At the start of the 2003–04 season, Hašek made the startling decision to come out of retirement and return to the Red Wings. Curtis Joseph was still being paid $8 million a year and, due to his hefty contract, was not likely to be traded or picked up by a team. While Legace was initially going to be the 3rd goalie behind two elite goaltenders, the Red Wings opted to send Joseph to the minors while Legace served as Hašek's backup. Hašek, however, was not properly conditioned for a return to the NHL. Minor injuries and inconsistent play from Hašek thrust Legace into the starting role. Injuries to both Hašek and Legace opened the door for the Red Wings to call up Joseph from the minors, along with Joey MacDonald to serve as his backup. When Legace returned from injury, MacDonald was sent back to the minors while Legace and Joseph ended up serving as Detroit's goaltending tandem for the remainder of the season, as Hašek opted not to return to the team from injury. An injury to Joseph late in the season found Legace temporarily working with minor-league goaltender Marc Lamothe, but Lamothe was returned to the AHL's Grand Rapids Griffins when Joseph returned to the roster.

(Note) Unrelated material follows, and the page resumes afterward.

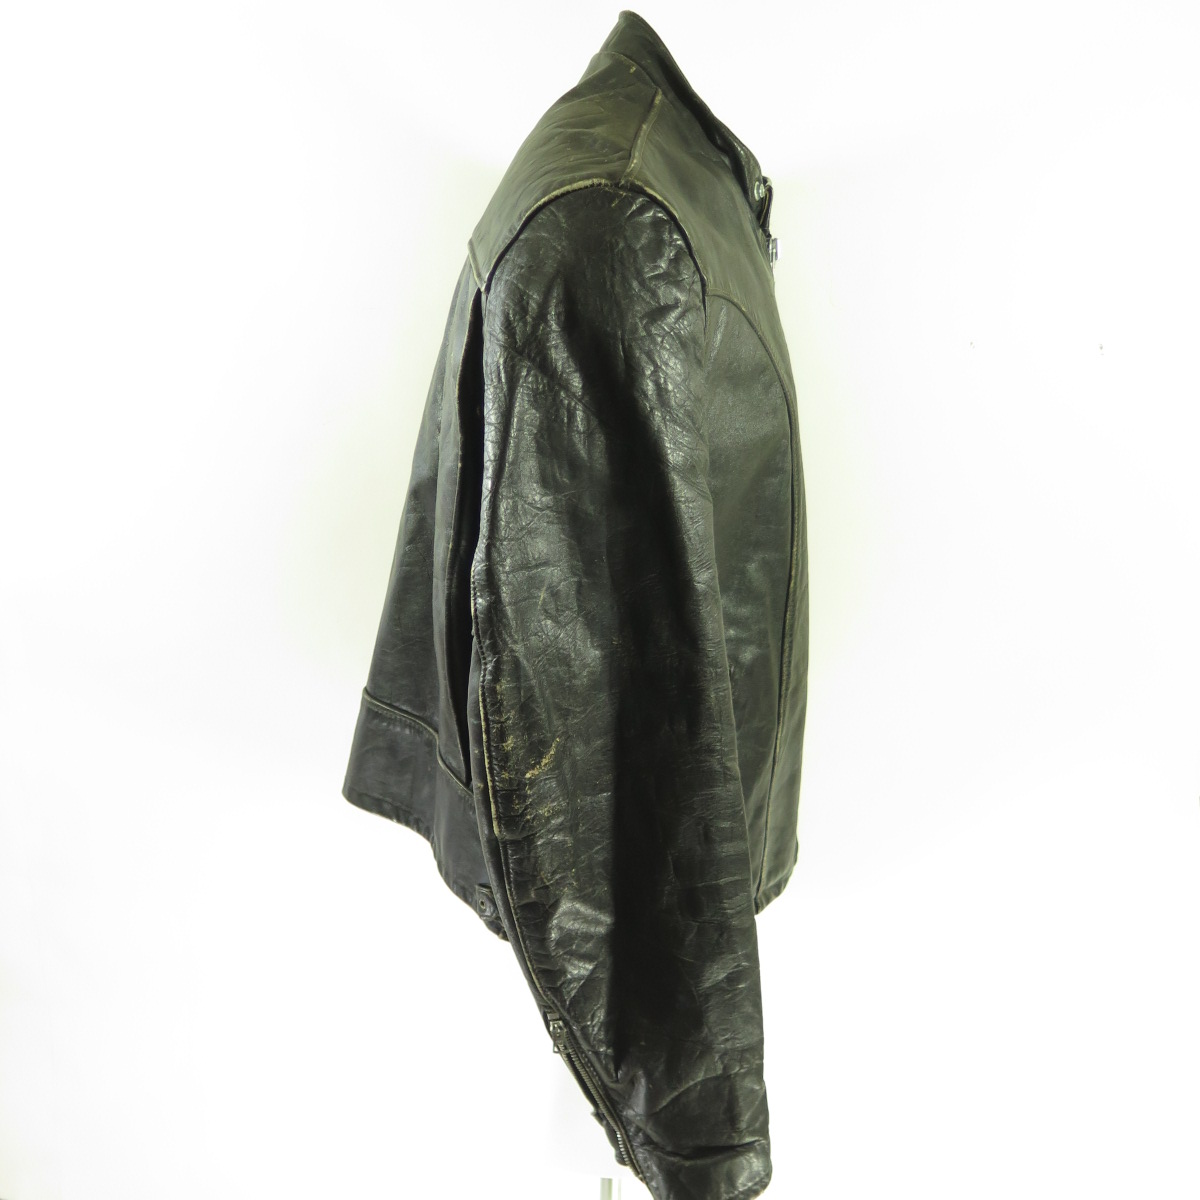 CENTURY 90 COCOA LEATHER JACKET - Men's Leather jacket

Due to Legace's strong play during the regular season, he was announced as Detroit's starting goaltender for the start of the 2004 Stanley Cup Playoffs. The Red Wings faced the Nashville Predators in the opening round of the 2004 playoffs. While Legace won the first two games, he did not perform up to team expectations and was pulled in the middle of the fourth game in favor of Joseph, who ended up backstopping for the remainder of the series. The Red Wings won the series but lost the next series against the Calgary Flames.

Legace briefly played in Russia during the 2004–05 NHL lockout, but eventually sat the rest of the season out, preferring to be close to his family in the States. Legace was the NHLPA Representative for the Detroit Red Wings until 2005, when the role was assumed by Nicklas Lidström. Legace has since become a vocal critic of both the league and the players' union, especially in regard to how both sides handled the 2004–05 NHL lockout.

For the 2005–06 season, Chris Osgood was re-signed by the Red Wings to compete with Legace for the starting job. However, due to Osgood's injuries and general lack of conditioning, Legace was awarded the starting goaltender role for the Detroit Red Wings. By October 2005 with the Red Wings defeating the Chicago Blackhawks 5–2, Legace set the record for the most wins by a goaltender in the month of October (10–1).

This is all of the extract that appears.